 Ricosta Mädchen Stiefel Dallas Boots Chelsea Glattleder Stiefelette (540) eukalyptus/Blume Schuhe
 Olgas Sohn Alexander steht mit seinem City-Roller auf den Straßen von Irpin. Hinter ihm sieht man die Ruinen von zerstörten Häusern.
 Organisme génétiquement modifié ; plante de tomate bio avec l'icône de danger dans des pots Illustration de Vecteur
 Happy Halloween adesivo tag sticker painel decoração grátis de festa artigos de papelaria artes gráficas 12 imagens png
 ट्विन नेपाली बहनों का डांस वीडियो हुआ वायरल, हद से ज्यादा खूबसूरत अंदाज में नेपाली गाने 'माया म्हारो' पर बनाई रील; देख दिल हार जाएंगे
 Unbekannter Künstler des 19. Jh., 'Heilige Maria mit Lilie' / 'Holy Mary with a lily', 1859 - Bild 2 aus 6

====

Print each record from the listing above exactly as it was given.

◆ TASK RESULT ◆
 Ricosta Mädchen Stiefel Dallas Boots Chelsea Glattleder Stiefelette (540) eukalyptus/Blume Schuhe
 Olgas Sohn Alexander steht mit seinem City-Roller auf den Straßen von Irpin. Hinter ihm sieht man die Ruinen von zerstörten Häusern.
 Organisme génétiquement modifié ; plante de tomate bio avec l'icône de danger dans des pots Illustration de Vecteur
 Happy Halloween adesivo tag sticker painel decoração grátis de festa artigos de papelaria artes gráficas 12 imagens png
 ट्विन नेपाली बहनों का डांस वीडियो हुआ वायरल, हद से ज्यादा खूबसूरत अंदाज में नेपाली गाने 'माया म्हारो' पर बनाई रील; देख दिल हार जाएंगे
 Unbekannter Künstler des 19. Jh., 'Heilige Maria mit Lilie' / 'Holy Mary with a lily', 1859 - Bild 2 aus 6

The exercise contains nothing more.